Data block:
<<<<
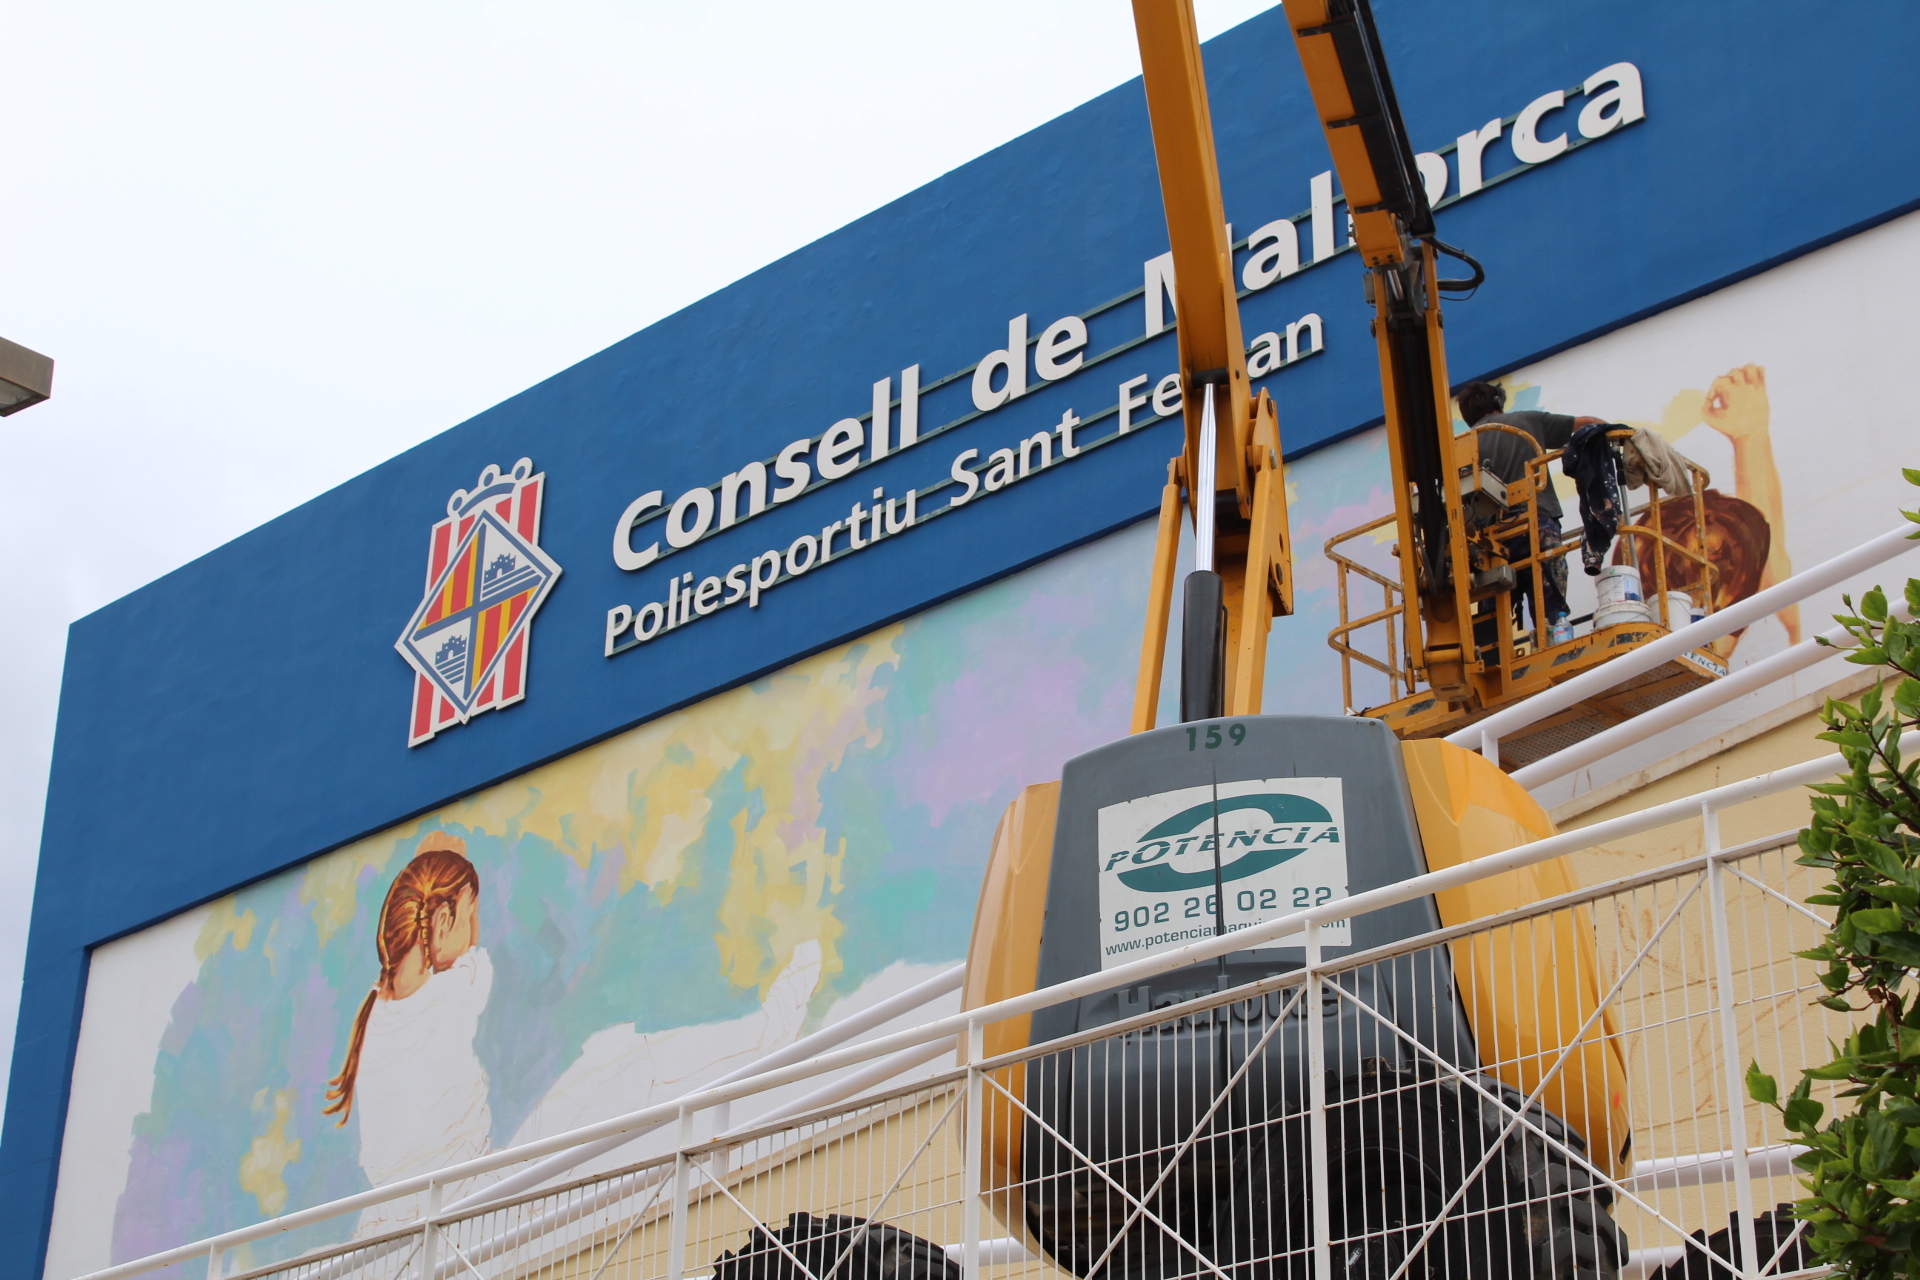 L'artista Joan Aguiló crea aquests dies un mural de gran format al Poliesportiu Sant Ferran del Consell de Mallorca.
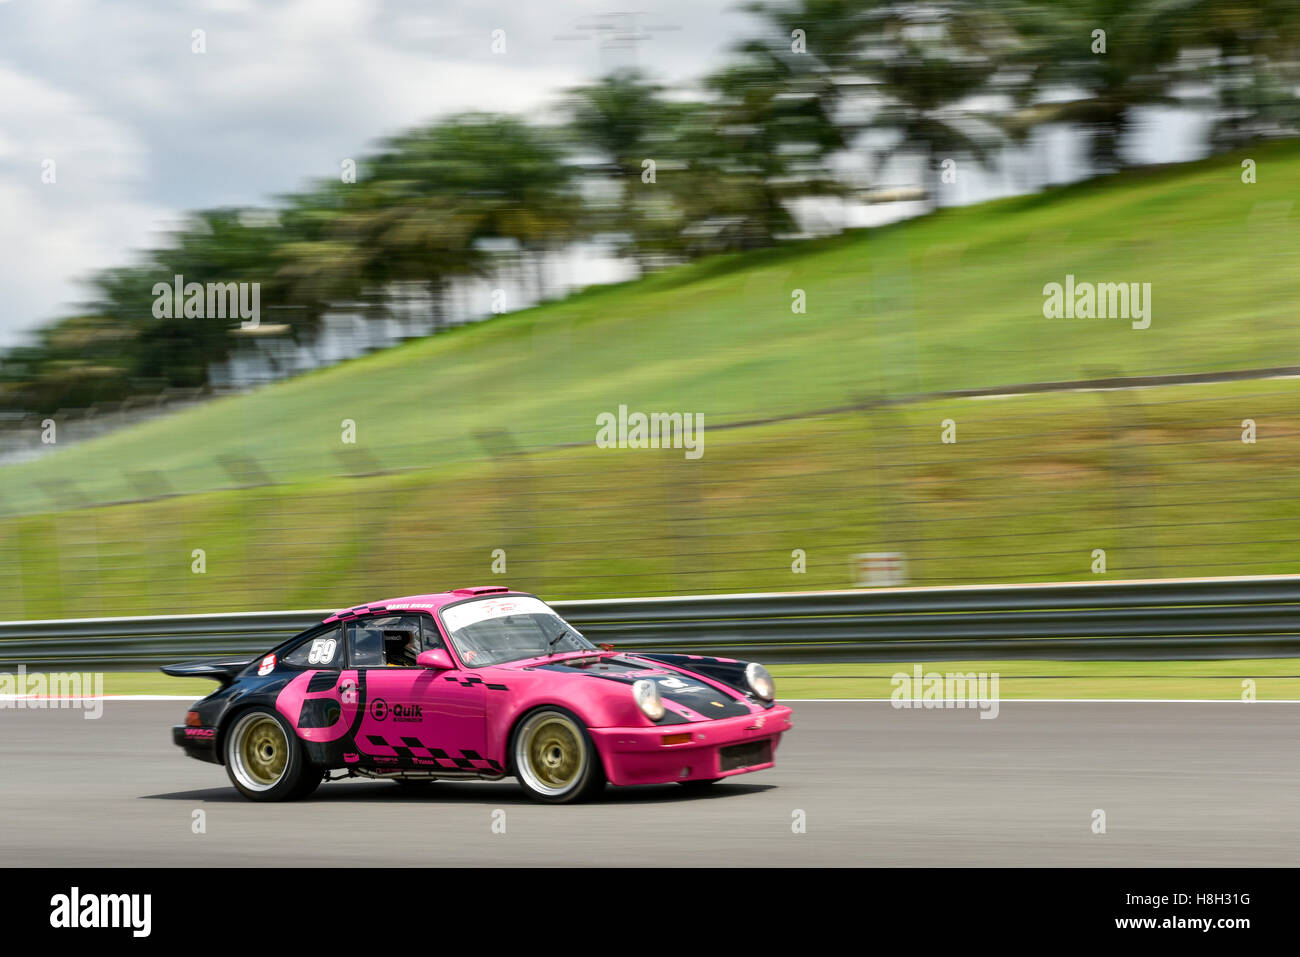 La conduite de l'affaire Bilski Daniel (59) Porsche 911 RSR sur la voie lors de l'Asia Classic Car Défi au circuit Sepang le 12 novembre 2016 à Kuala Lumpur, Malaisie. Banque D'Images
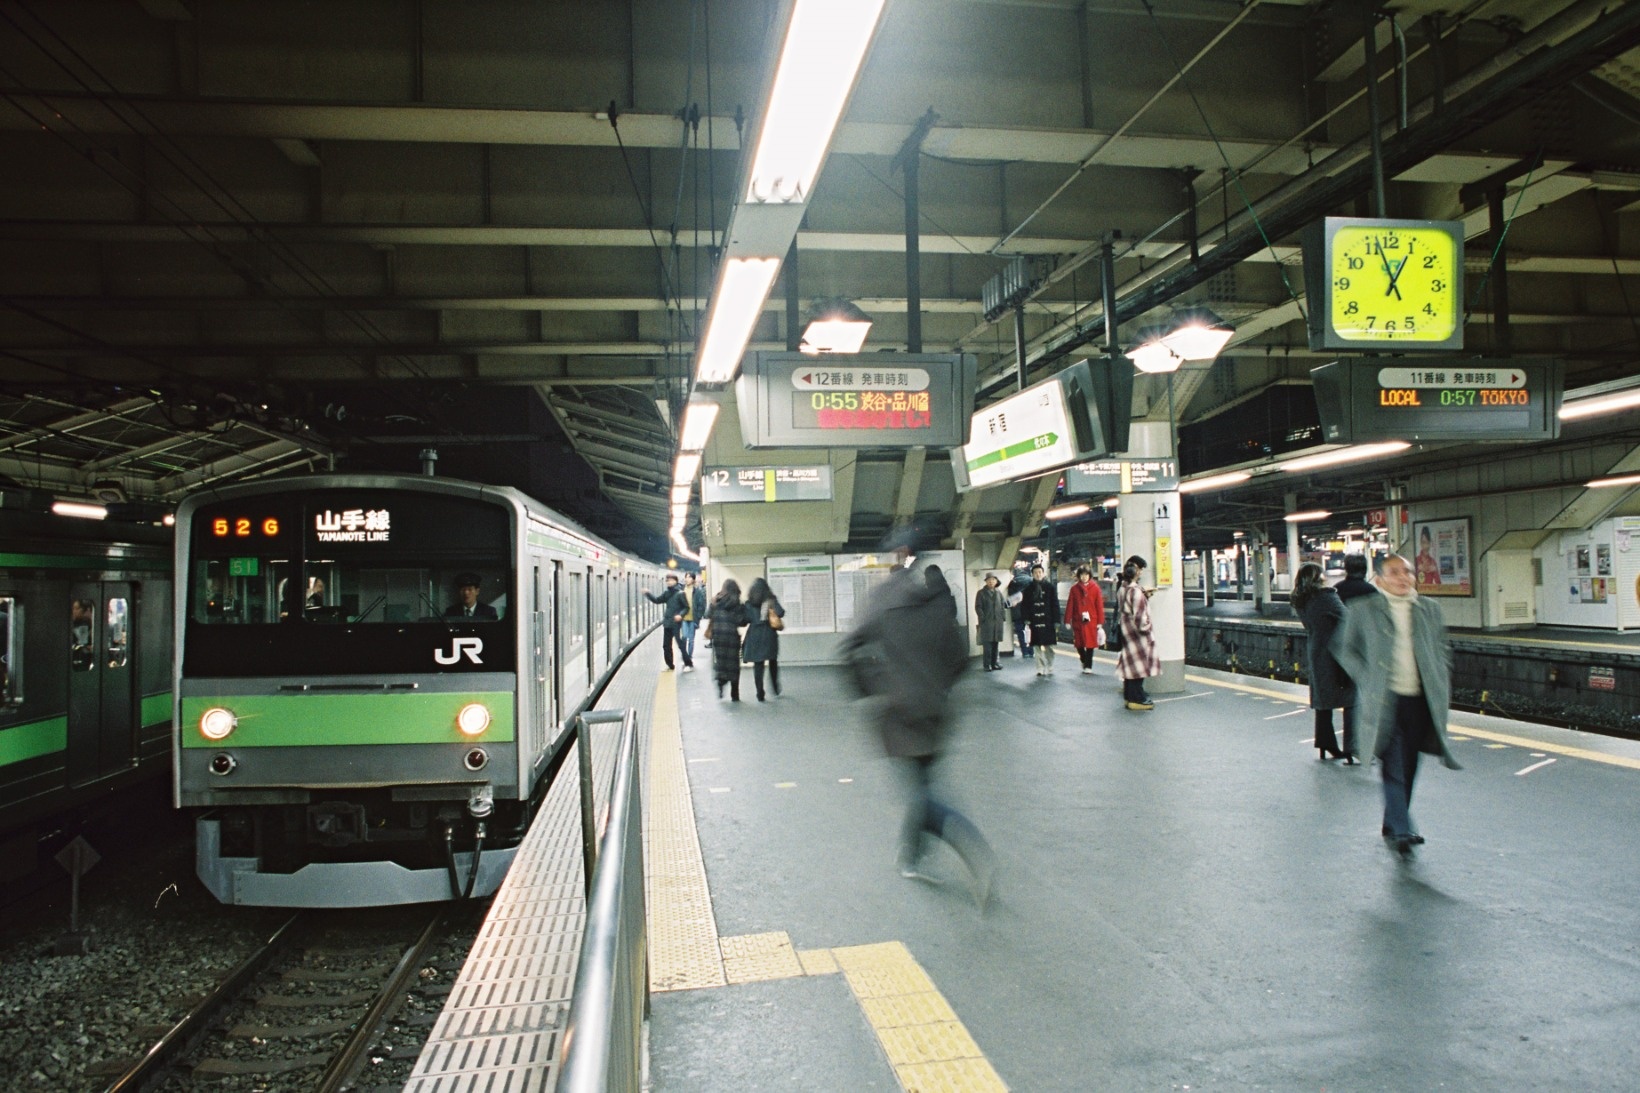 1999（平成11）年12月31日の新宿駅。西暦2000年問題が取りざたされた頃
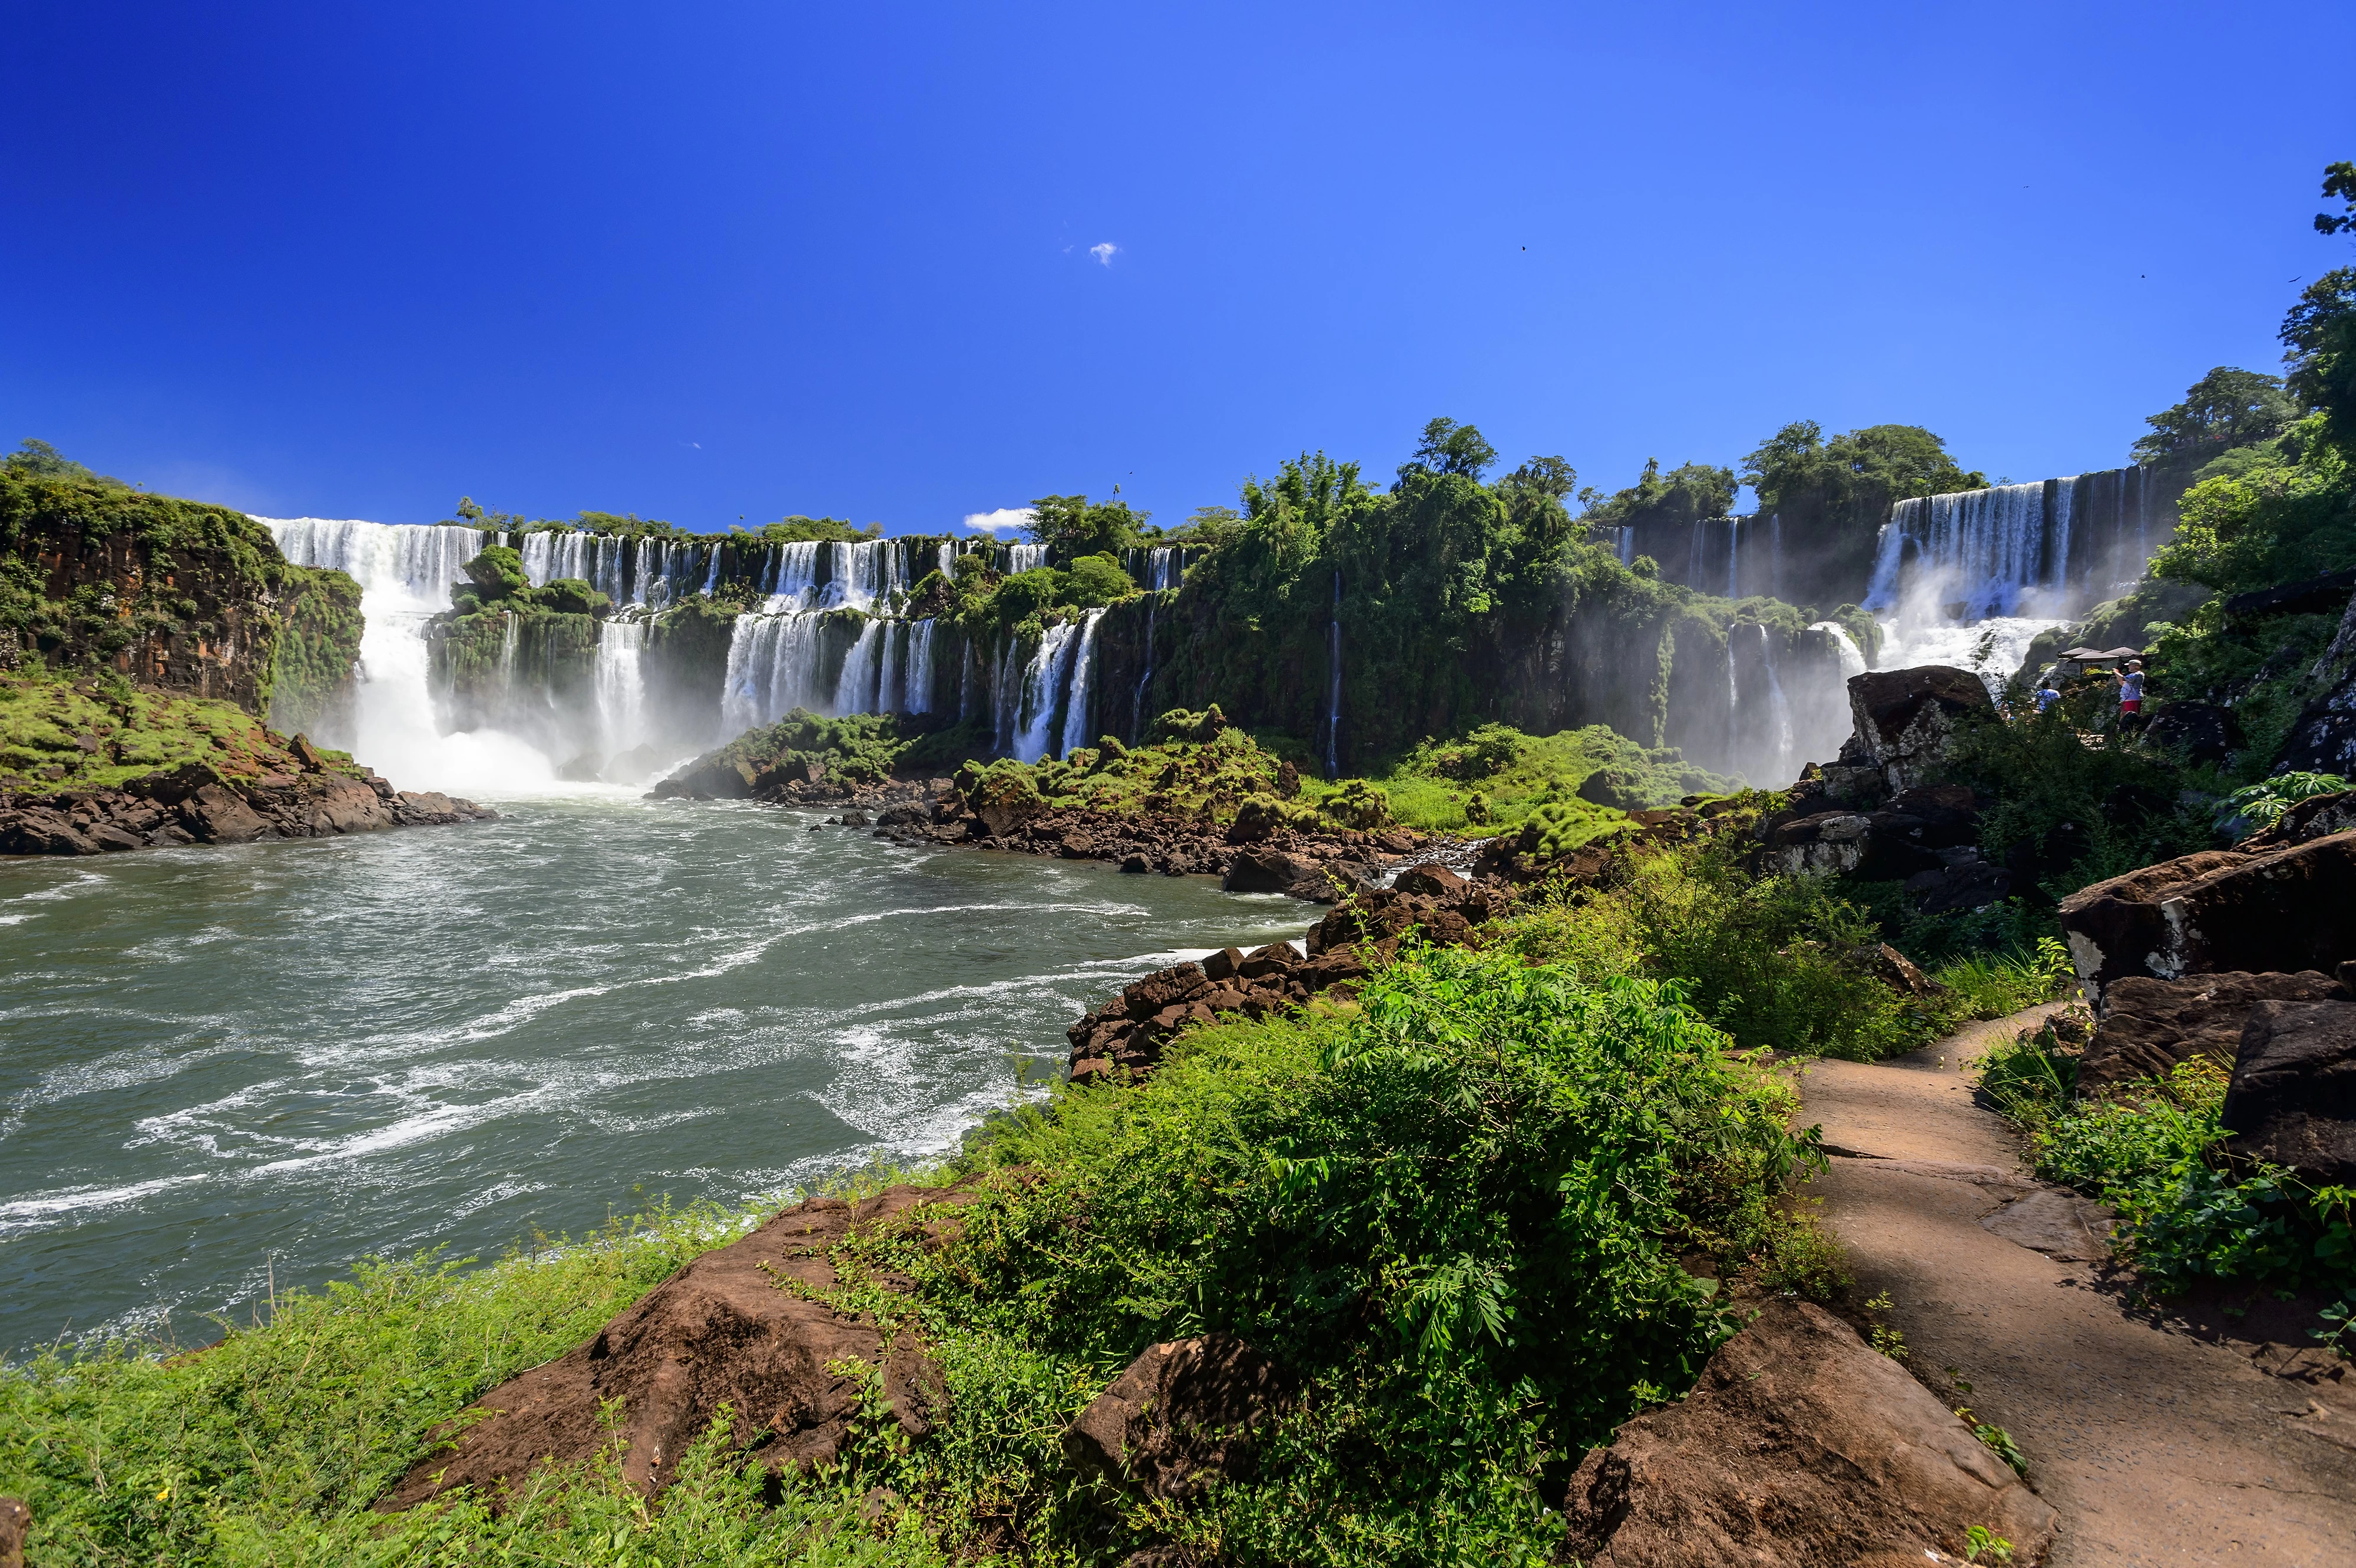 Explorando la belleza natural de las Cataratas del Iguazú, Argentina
>>>>
About this exercise: The whole listing should be restated word for word, with no pictures.

Answer to the exercise:
 L'artista Joan Aguiló crea aquests dies un mural de gran format al Poliesportiu Sant Ferran del Consell de Mallorca.
 La conduite de l'affaire Bilski Daniel (59) Porsche 911 RSR sur la voie lors de l'Asia Classic Car Défi au circuit Sepang le 12 novembre 2016 à Kuala Lumpur, Malaisie. Banque D'Images
 1999（平成11）年12月31日の新宿駅。西暦2000年問題が取りざたされた頃
 Explorando la belleza natural de las Cataratas del Iguazú, Argentina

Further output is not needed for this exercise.